= Radio resource location services protocol =

Radio resource location services (LCS) protocol (RRLP) applies to GSM and UMTS Cellular Networks. It is used to exchange messages between a handset and an SMLC in order to provide geolocation information; e.g., in the case of emergency calls. The protocol was developed in order to fulfil the Wireless Enhanced 911 requirements in the United States. However, since the protocol does not require any authentication, and can be used outside of a voice call or SMS transfer, its use is not restricted to emergency calls and can be used by law enforcement to pinpoint the exact geolocation of the target's mobile phone. RRLP was first specified in 3GPP TS 04.31 - Location Services (LCS); Mobile Station (MS) - Serving Mobile Location Centre (SMLC); Radio Resource LCS Protocol (RRLP).

Harald Welte proved at HAR2009 that many high-end smart-phones submit their GPS location to the mobile operator when requested.
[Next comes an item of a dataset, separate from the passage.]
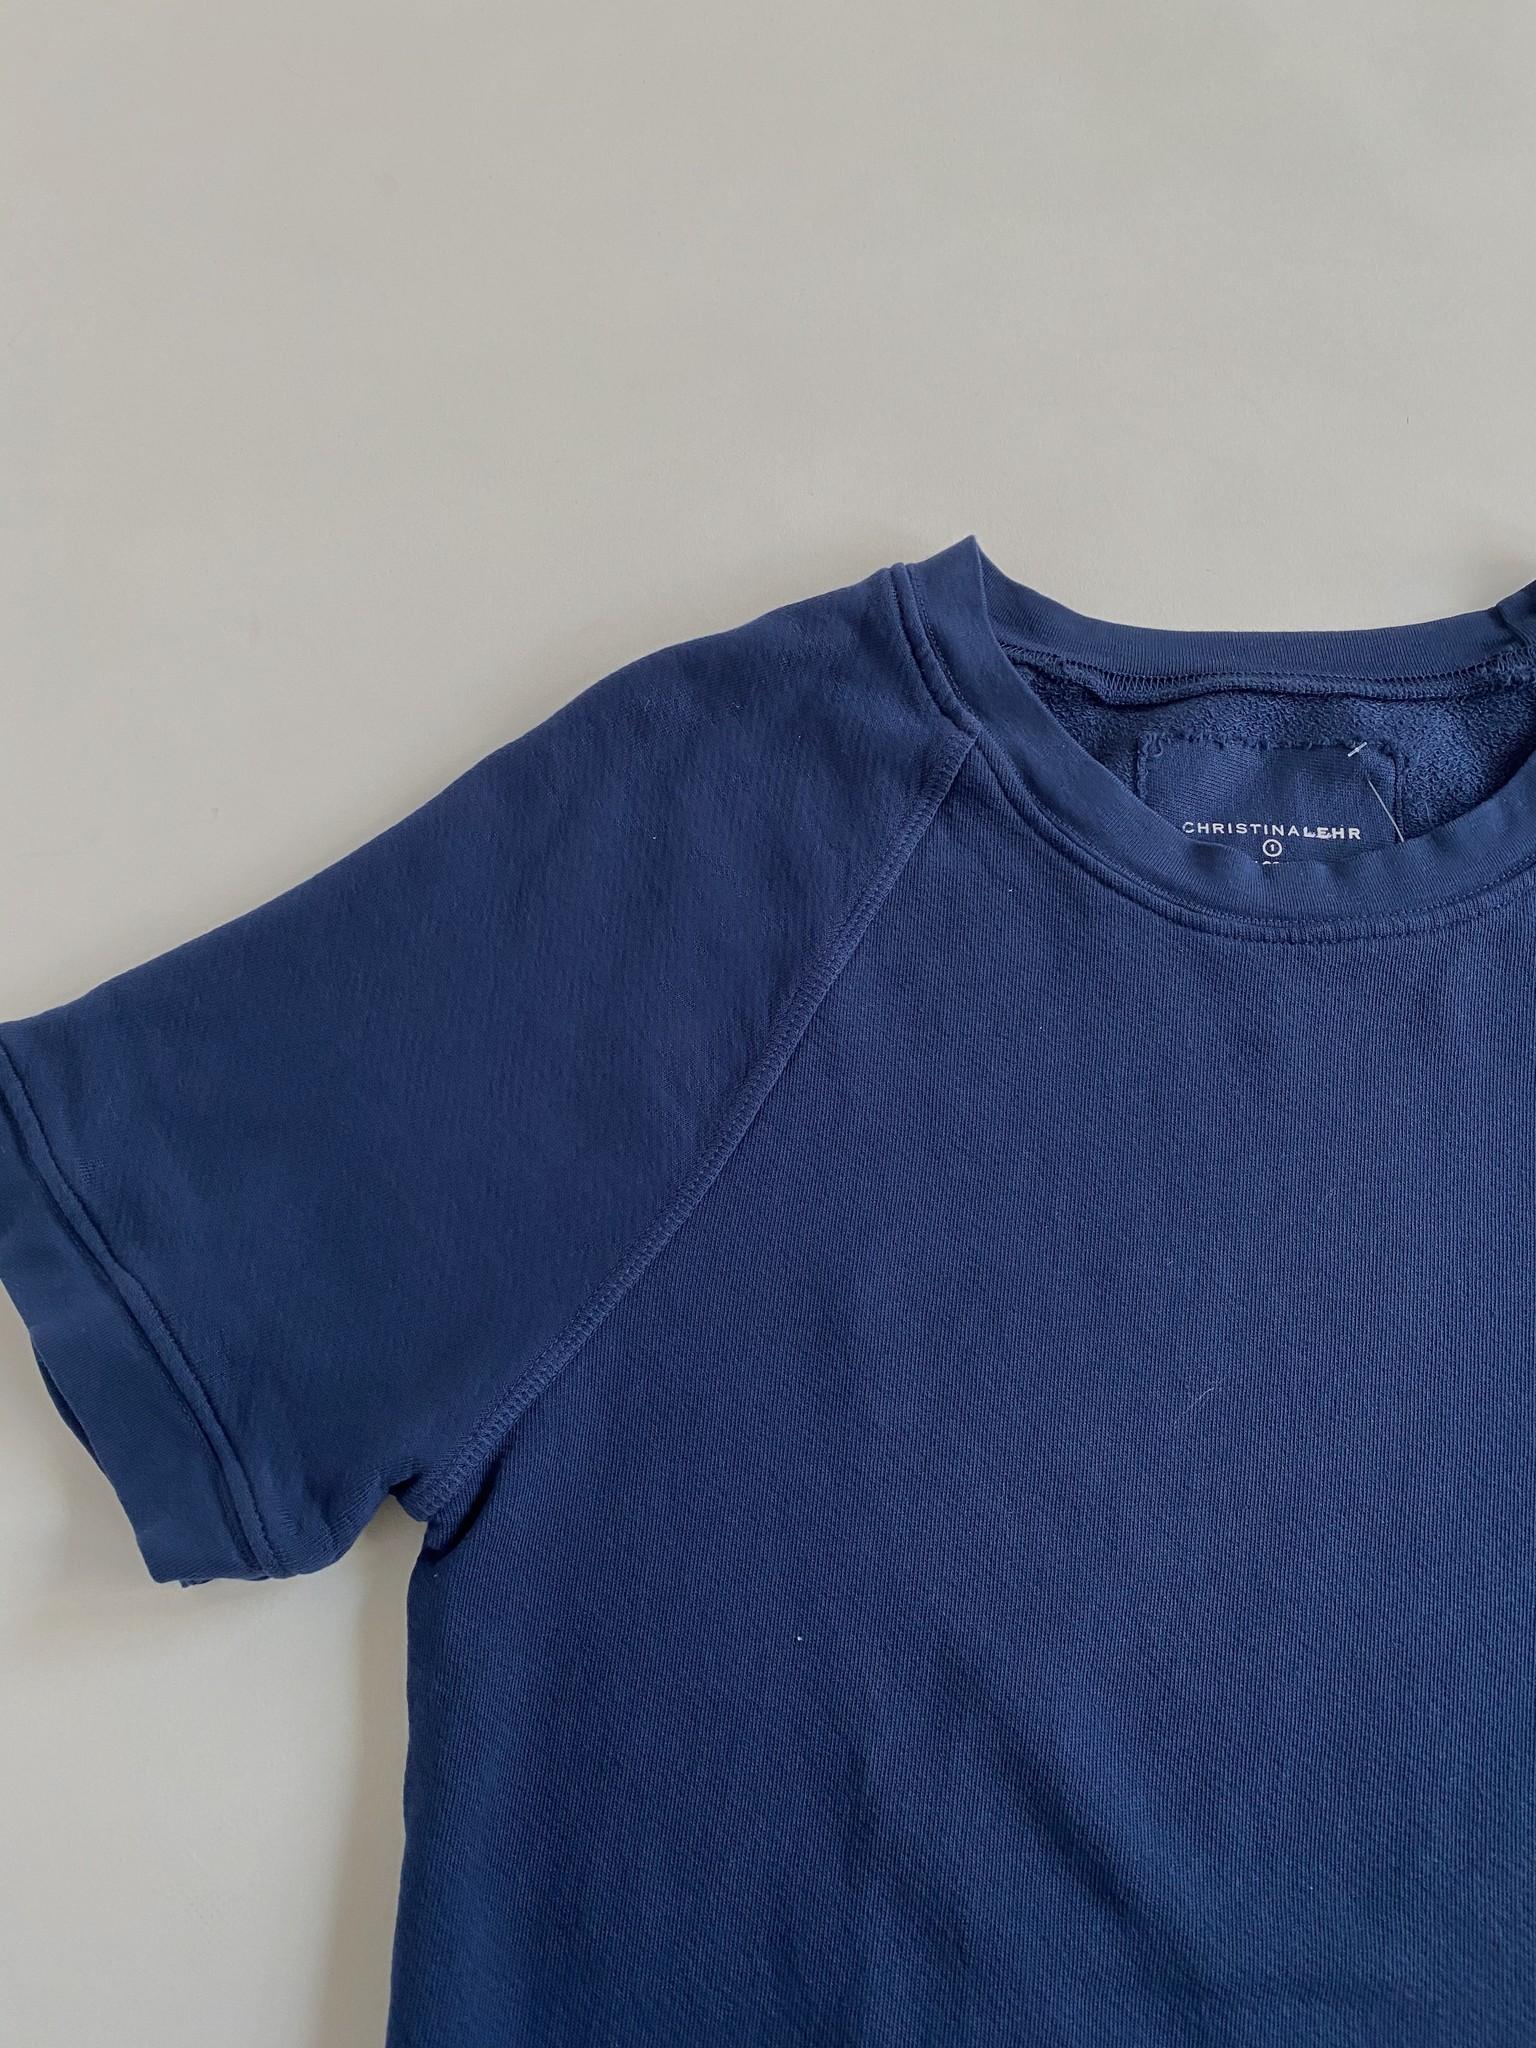 christina Lehr Christina Lehr Varsity  Cotton Sweatshirt

This happened without any sort of authentication.

== RRLP parameters ==
=== Positioning methods ===
RRLP supports two positioning methods:
- E-OTD
  The Enhanced Observed Time Difference (E-OTD) is based on measurements inside the mobile phone, where the phone measures the observed time difference of arrival of bursts sent by nearby pairs of base transceiver stations.
- GPS
  This method uses the GPS (Global Positioning System) for achieving geolocation. To support this, the phone needs to have a built-in GPS receiver.

=== Method type ===
The method type indicates whether MS based or assisted location is to be performed.

- MS assisted
  The MS (mobile phone) performs E-OTD or GPS measurements, and passes the raw measurement data to the network. The computation of the geolocation is then performed inside the carrier network, not on the phone itself.
- MS based
  The MS (mobile phone) performs E-OTD or GPS measurements, and successively performs the complete computation of the geolocation inside the phone. The result of this computation is then sent back to the carrier network.

In this mode, the network typically needs to send so-called assistance data to the phone.